C<\$p-E<gt>clone> returns a new object equal to C<\$p>.  This method
will rarely be needed as Math::Polynomial objects are immutable
except for their stringification configuration (cf. L</string_config>).

=back

=over 4

=item I<coefficients>

C<\$p-E<gt>coefficients> returns the coefficients of C<\$p> in ascending
order of exponents, including zeroes, up to the highest-order
non-zero coefficient.  The result will be a list of I<n+1> coefficients
for polynomials of degree I<n>, or a single zero coefficient for
zero polynomials.

=item I<coeff>

C<\$p-E<gt>coeff> returns the coefficients of C<\$p> much like
C<\$p-E<gt>coefficients>, but for zero polynomials the result will
be an empty list.

(Mnemonic for I<coeff> versus I<coefficients>: Shorter name, shorter
list.)

=item I<coeff(\$exp)>

C<\$p-E<gt>coeff(\$exp)> returns the coefficient of degree C<\$exp>
of C<\$p>.  If C<\$exp> is less than zero or larger than the degree
of C<\$p>, the zero element of the coefficient space is returned.

=item I<coeff_zero>

C<\$p-E<gt>coeff_zero> returns the zero element of the coefficient
space of C<\$p>, i.e. the neutral element with respect to addition.

=item I<coeff_one>

C<\$p-E<gt>coeff_one> returns the multiplicative unit element of the
coefficient space of C<\$p>, i.e. the neutral element with respect
to multiplication.

=item I<degree>

C<\$p-E<gt>degree> returns B<-1> if C<\$p> is a zero polynomial,
otherwise the degree of C<\$p>.

=item I<proper_degree>

C<\$p-E<gt>proper_degree> returns B<undef> if C<\$p> is a zero
polynomial, otherwise the degree of C<\$p>.  This can be useful in
order to catch incorrect numerical uses of degrees where zero
polynomials might be involved.

=item I<number_of_terms>

C<\$p-E<gt>number_of_terms> returns the number of non-zero coefficients
of the polynomial C<\$p>.

=item I<is_monic>

C<\$p-E<gt>is_monic> returns a boolean value which is true if C<\$p> is
monic, which means it is not the zero polynomial and its highest-degree
coefficient is equal to one.  Cf.

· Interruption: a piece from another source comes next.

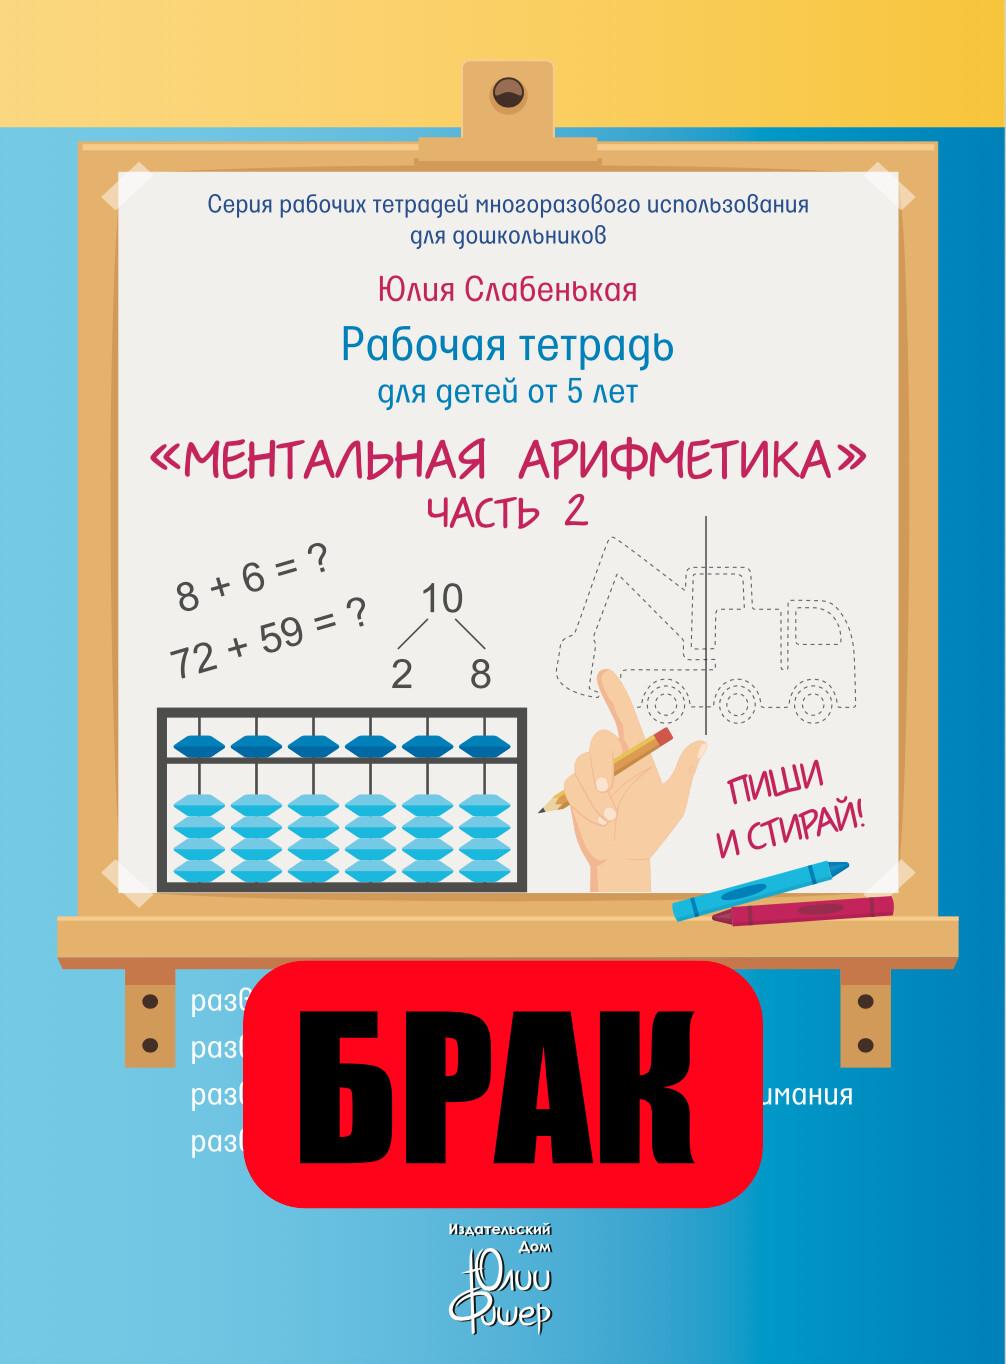 БРАК. «Ментальная арифметика». Часть 2. Для детей от 5 лет. Два маркера в комплекте (зелёные)

L</monize>.

=item I<is_even>

C<\$p-E<gt>is_even> returns a boolean value which is true if C<\$p> is
an even function, which means it is identical to its reflection about
the axis I<x = 0>.

=item I<is_odd>

C<\$p-E<gt>is_odd> returns a boolean value which is true if C<\$p> is an
odd function, which means it is the negative of its reflection about
the axis I<x = 0>.

=back

=over 4

=item I<evaluate>

C<\$p-E<gt>evaluate(\$x)> computes the value of the polynomial function
given by C<\$p> at the position C<\$x>.  For polynomials of degree
I<n>, this takes I<n> multiplications and I<n> additions in the
coefficient space.

=back

All comparison operators return boolean results.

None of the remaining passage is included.